Second is that computer programming, the skill required to make FOSS, also takes incredible training. Allowing anyone in to modify the source code of the main distribution is certainly a bad idea, as one little typo can break everything. This is why there are complex governance structures and tools to manage the process. One could easily imagine a similar situation with geographic data – only core ‘committers’ would have complete access, around them some users would submit patches (from image tracing or gpses) for the committers to review, and past that ‘bug fixers’ who would just submit that there are problems with the data. This is a topic I hope to examine more in the future, how to make tools that lead to greater error correction than error introduction.

* There are strong positive network effects to the use of the production
In many ways we are only just now starting to see the positive network effects of spatial data. A big advance is that it is much more easy to spatially locate ourselves, with cell phones, cheap gpses, and other location aware devices.
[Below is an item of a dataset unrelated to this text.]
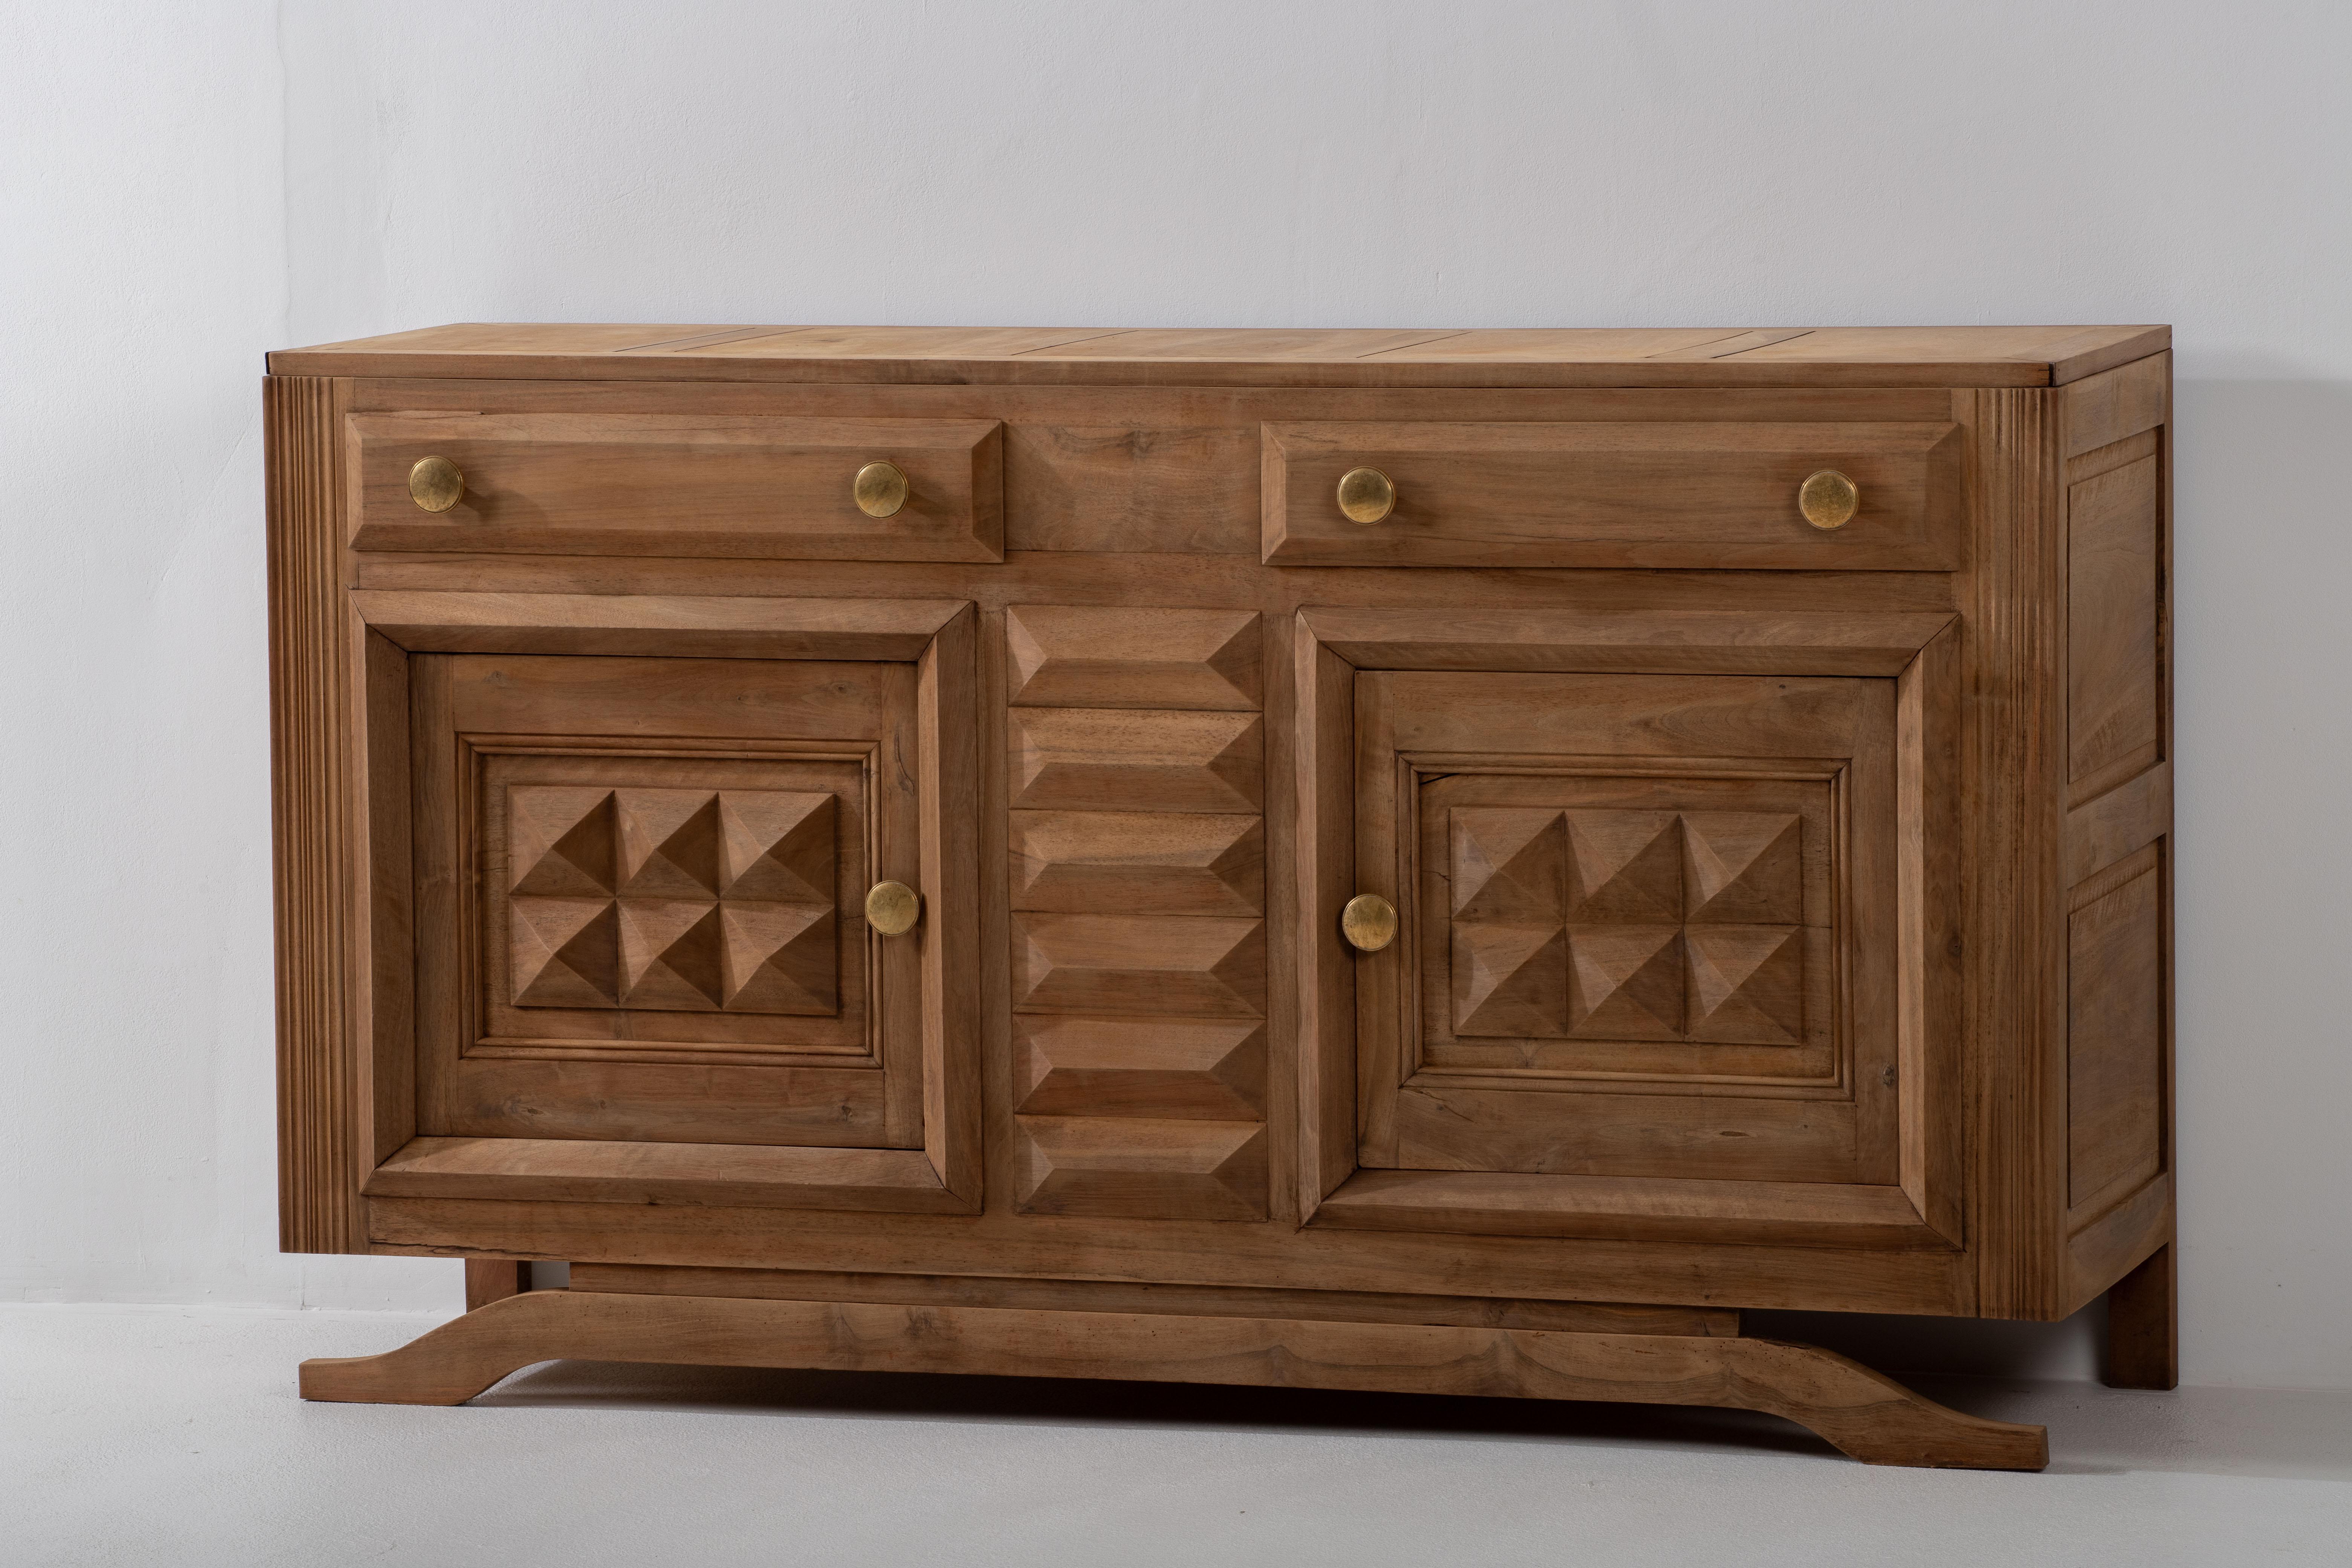 Presenting an exquisite credenza meticulously crafted from rich oak, echoing the artistic spirit of the 1940s. This Art Deco Brutalist sideboard features a symmetrical design with drawers thoughtfully positioned in the center. The piece offers two

The recent google maps and the ‘mashups’ of maps built on top of their base data also point to the positive effects and innovation that can be built once base mapping data is available to give context to other interesting applications. Google Maps Mania points to hundreds of these ‘mashups’, where users create new maps displaying anything from crime in chicago, available apartments, free wifi spots, or real time network failures. And if we move to a real services vision with WMS and WFS, the data built on top of the basemap can further be combined with other data, creating new networks of spatial data.  Maps are inherently made up of different layers of information, and get more valuable when combined with other sources.

* An individual or a small group can take the lead and generate a substantive core that promises to evolve into something truly useful.
This depends on the size of the geographic area covered. But most traditional surveying and mapping crews are not incredible large. A small group of people can cover a fairly wide area. The mapchester and Isle of Wight workshops shows how a small group of devoted people can make substantial progress on a map in a weekend.

* A voluntary community of iterated interaction can develop around the process of building the product.
There is no reason why this could not happen, and indeed we are already seeing it with the Open Street Map project. The emerging academic sub-field of Public Participation GIS also points to communities of iterated interaction in using GIS to assist in planning and other decisions that affect their interests. This is likely where the most work is needed, as different social dynamics work better with different tools, and indeed with different groups of people. Open Source Software does not let anyone modify the code, but wikipedia basically does. And indeed with Open Source Software it took many years before the right social dynamics that enabled an operating system to be built, when Linus successfully made the bazaar method of delegation and decision making. But since most all the other factors point to the fact that geospatial data can have an architecture of participation built around it, I would posit that we need only to spend the energy on evolving the right community mechanism, and we’ll then hit on something very big.